今回の事案につきましては、私は当初からデジタル領域とリアル領域を行き来し、両者が連携により相乗効果を生むようなビジネスモデルを描いていました。最後の発表でも述べましたが、実のところ、それは私の独創ではなく、平成27年であったか、経産省が打ち出したSociety 5.0 の世界の絵姿なのです。ところが発表後の神保町の懇親会で、藤池社長から、自分が追求していたのはまさにそれだ、Society 5.0 の絵姿をどうにか活用できないかと散々考えていた、発表でSociety 5.0 という言葉が出てきて驚いた、とお聞きし、私自身も驚きました。これは、私が藤池社長の考え方とシンクロできたか、あるいは誰でもシンクロできるような事案であったか、またはただの偶然、ビギナーズラックかと3つ4つの可能性を考えることができますが、やはり社長のお心と波長が合ったのではないかと考え、今後の自分の中小企業診断士として活動していく上で、小石のようではありますが、一つ小さいけれども、硬い支えとなるのではないかと思います。

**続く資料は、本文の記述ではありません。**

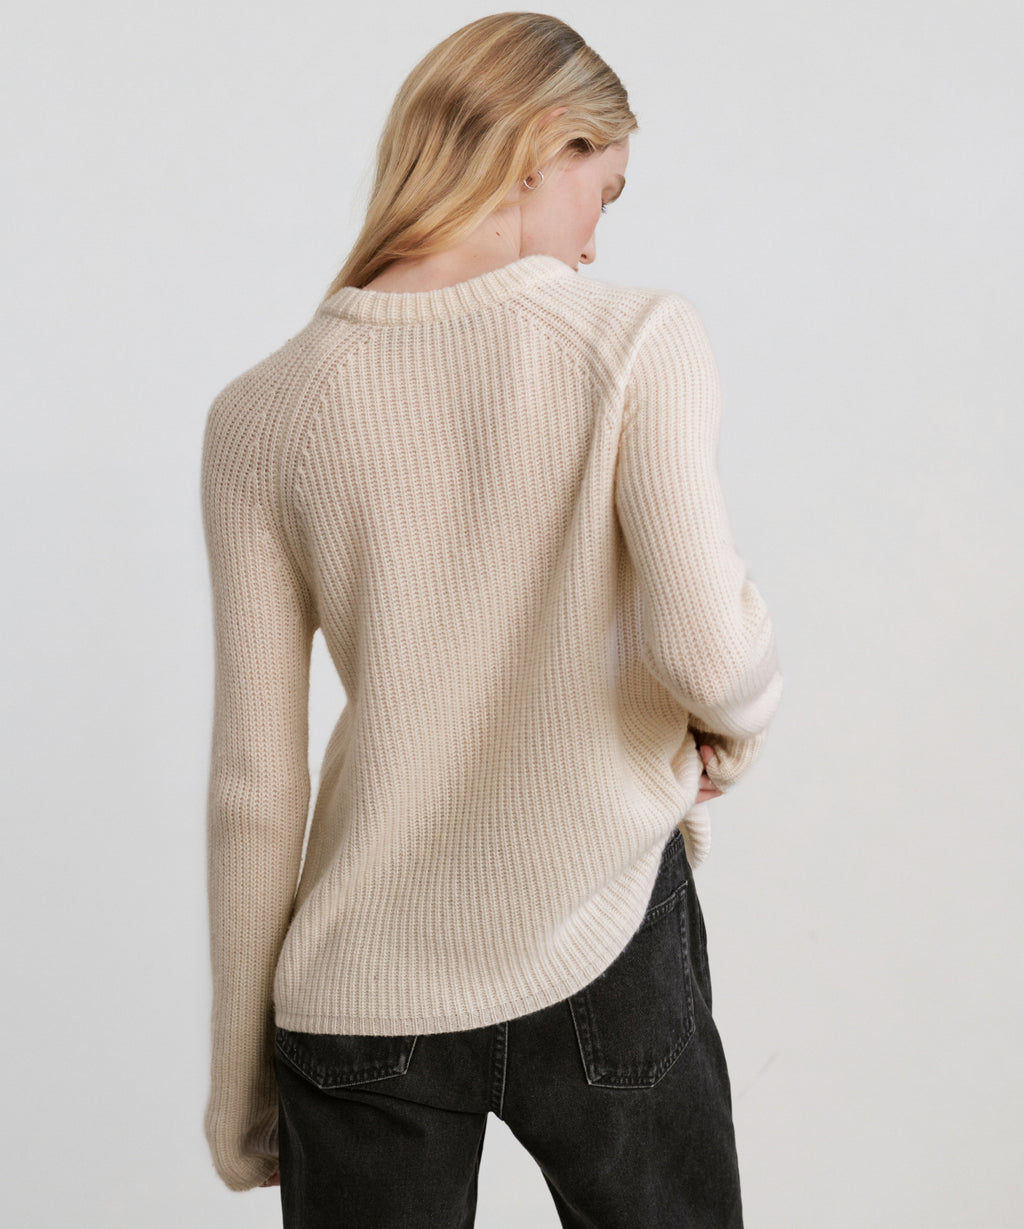 Jenni Kayne Women's Cashmere Fisherman Sweater in Stone Size 3X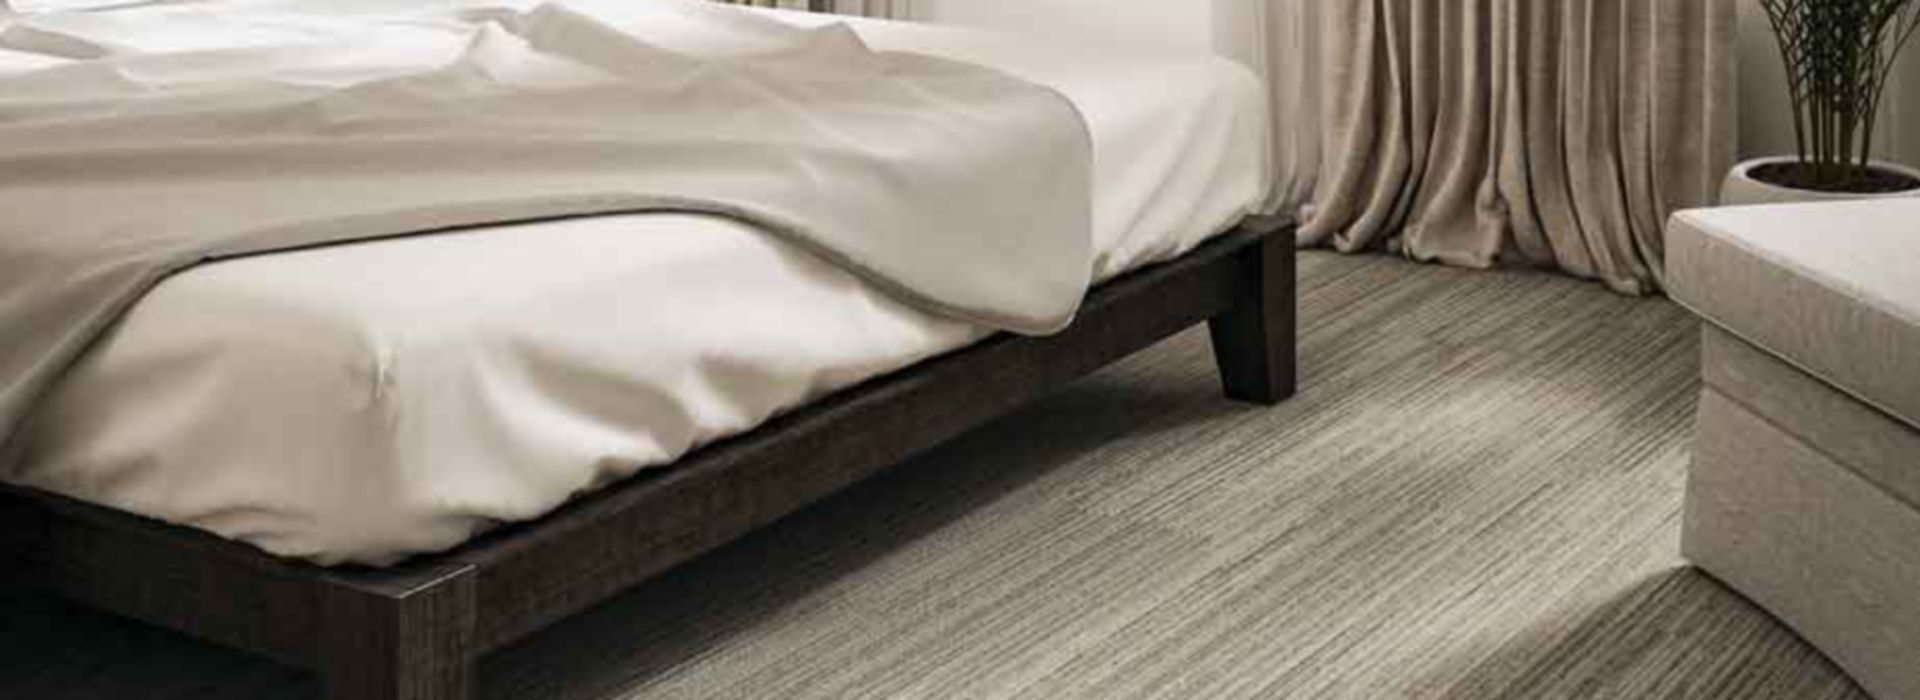 Interface SWTS 110 plank carpet tile in hotel guest room imagen número 1

他団体で実施されるポイント付与事業に比べ、費用対効果も高く、他の方々にもぜひお薦めいたしますが、それだけにこの事業を継続させていく上で、登録養成課程の実習や他団体で実施される事案との違い、「高度化」が意味するところや求められる達成度の定量化乃至明文化、ひいては達成度から逆算しての事業全体の体系的整備等、まさに「形式知化」的なところも求められるかもしれません。そのためにもし、手が必要であれば、そちらにもぜひ進んで取り組ませていただければ幸いです。それが日工大MOT修了生として、いくらかの貢献になれば、と思います。重ねてですが、今回はありがとうございました。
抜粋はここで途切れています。